ASSESSING COVID-19 SPREAD AND VACCINATION EFFECTIVENESS IN CHAD THROUGH MEAN KERNEL DENSITY ESTIMATION
Keywords:
COVID-19, vaccination, mean kernel density estimation, infection trends, epidemiological data analysisDOI:
https://doi.org/10.17654/0972361725016Abstract
This study introduces an innovative approach to assess the impact of COVID-19 vaccination on the spread of the virus in Chad by employing mean kernel density (MKD) estimation for non-parametric analysis. Utilizing epidemiological data collected between January 2021 and June 2023, we explore the correlation between vaccination rates and confirmed cases across various regions of Chad.
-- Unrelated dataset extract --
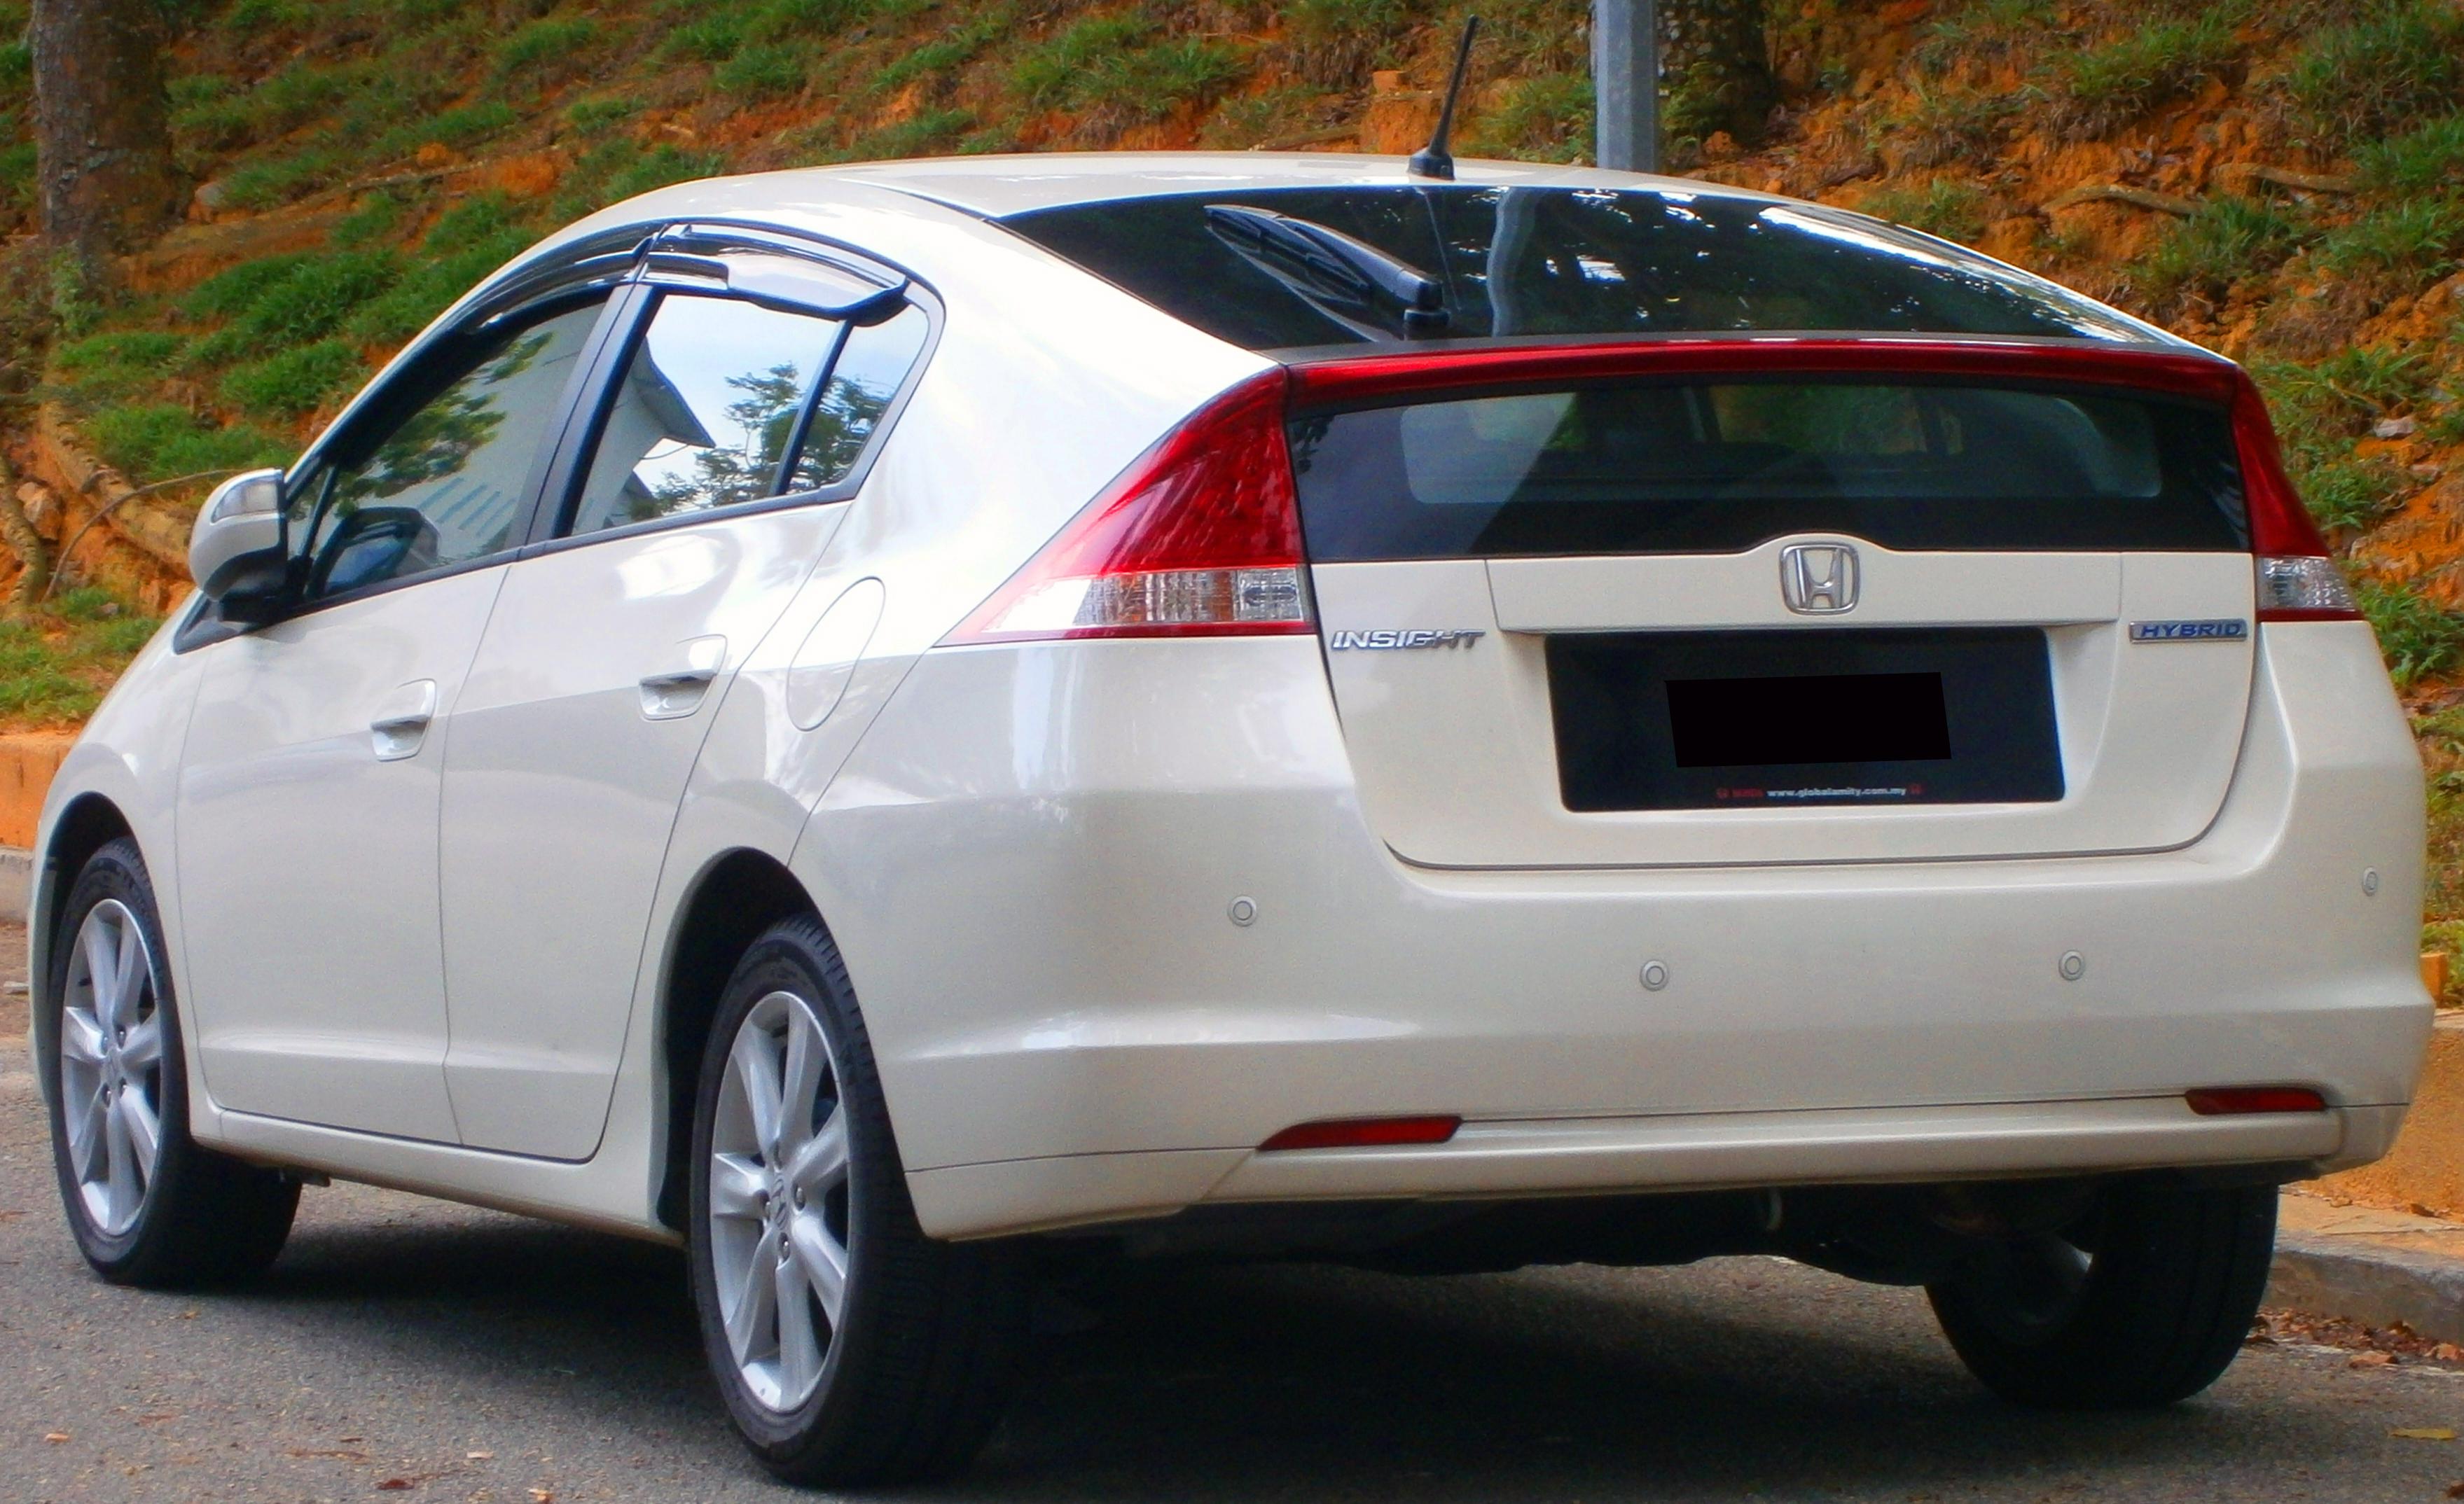 Description 2011 Honda Insight Hybrid in Cyberjaya, Malaysia (02).jpg
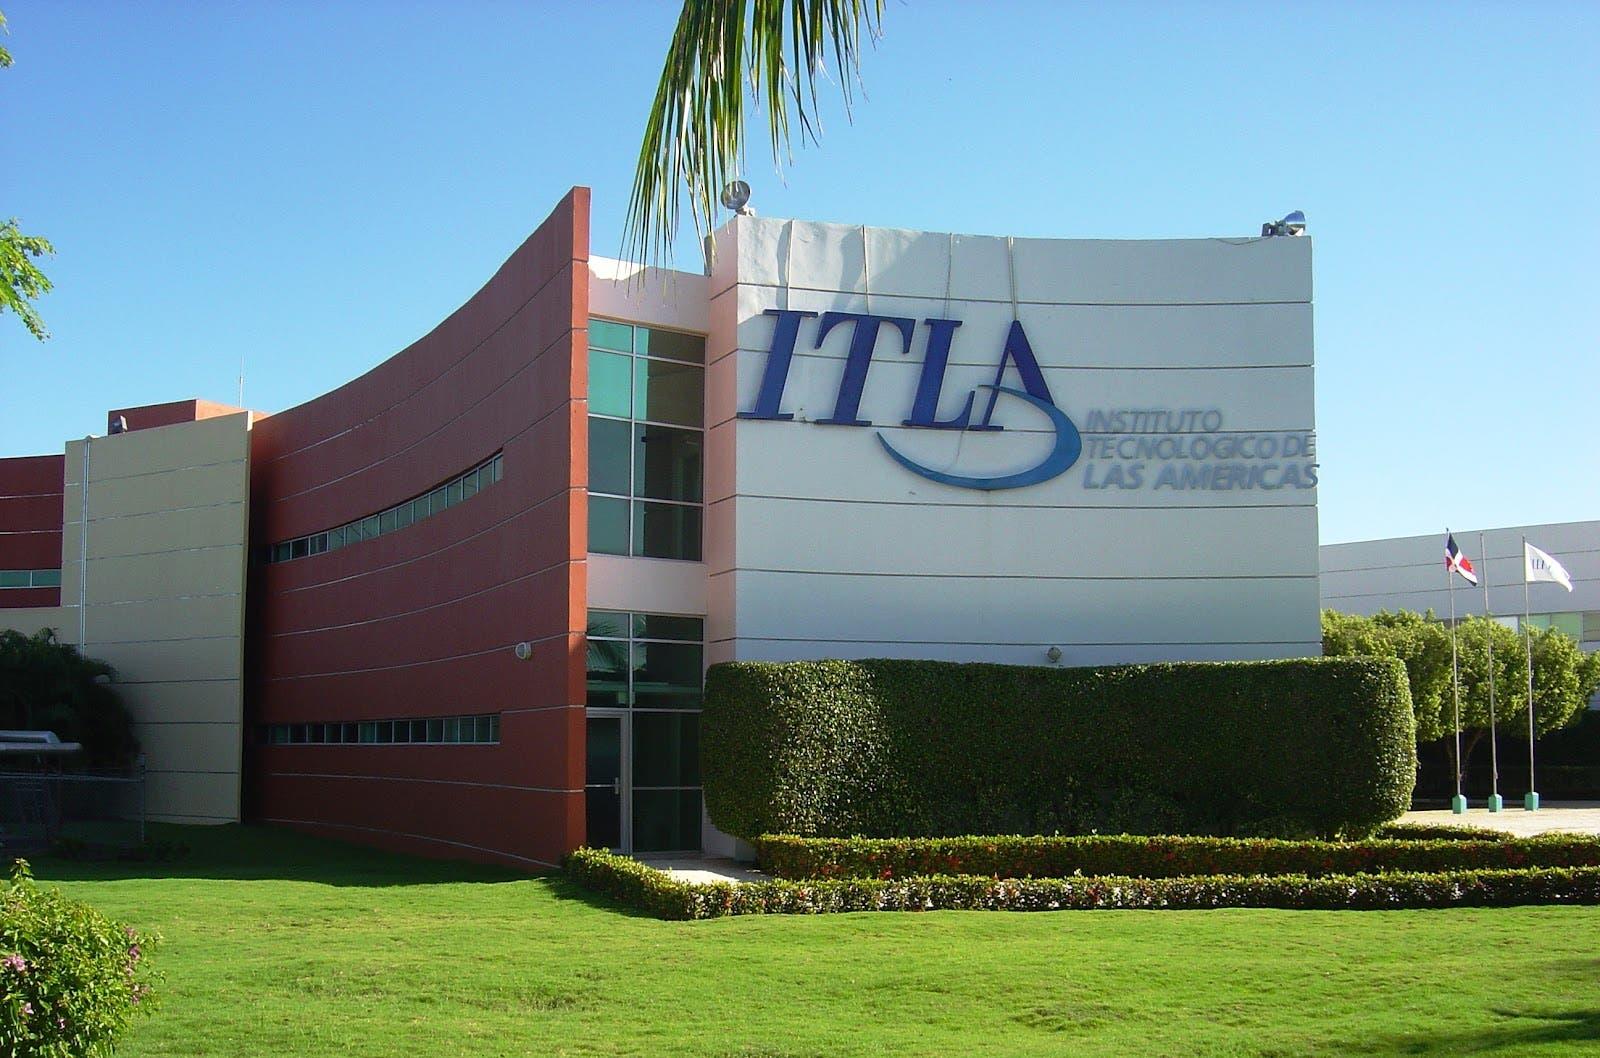 ITLA abrirá en SDE dos centros de capacitación

Our analysis demonstrates that the application of MKD provides a smoother and more accurate visualization of infection trends before and after vaccination campaigns. The results reveal a significant reduction in confirmed cases post-vaccination, particularly in areas with higher vaccination rates. Correlation analysis further highlights the effectiveness of vaccination campaigns, showing a strong association between vaccination rates and the decrease in infections. However, the data also suggest a reactive vaccination strategy in regions with initially high infection rates. This innovative application of mean KDE provides new insights into the dynamics of vaccination efforts and their crucial role in reducing the spread of COVID-19 in Chad.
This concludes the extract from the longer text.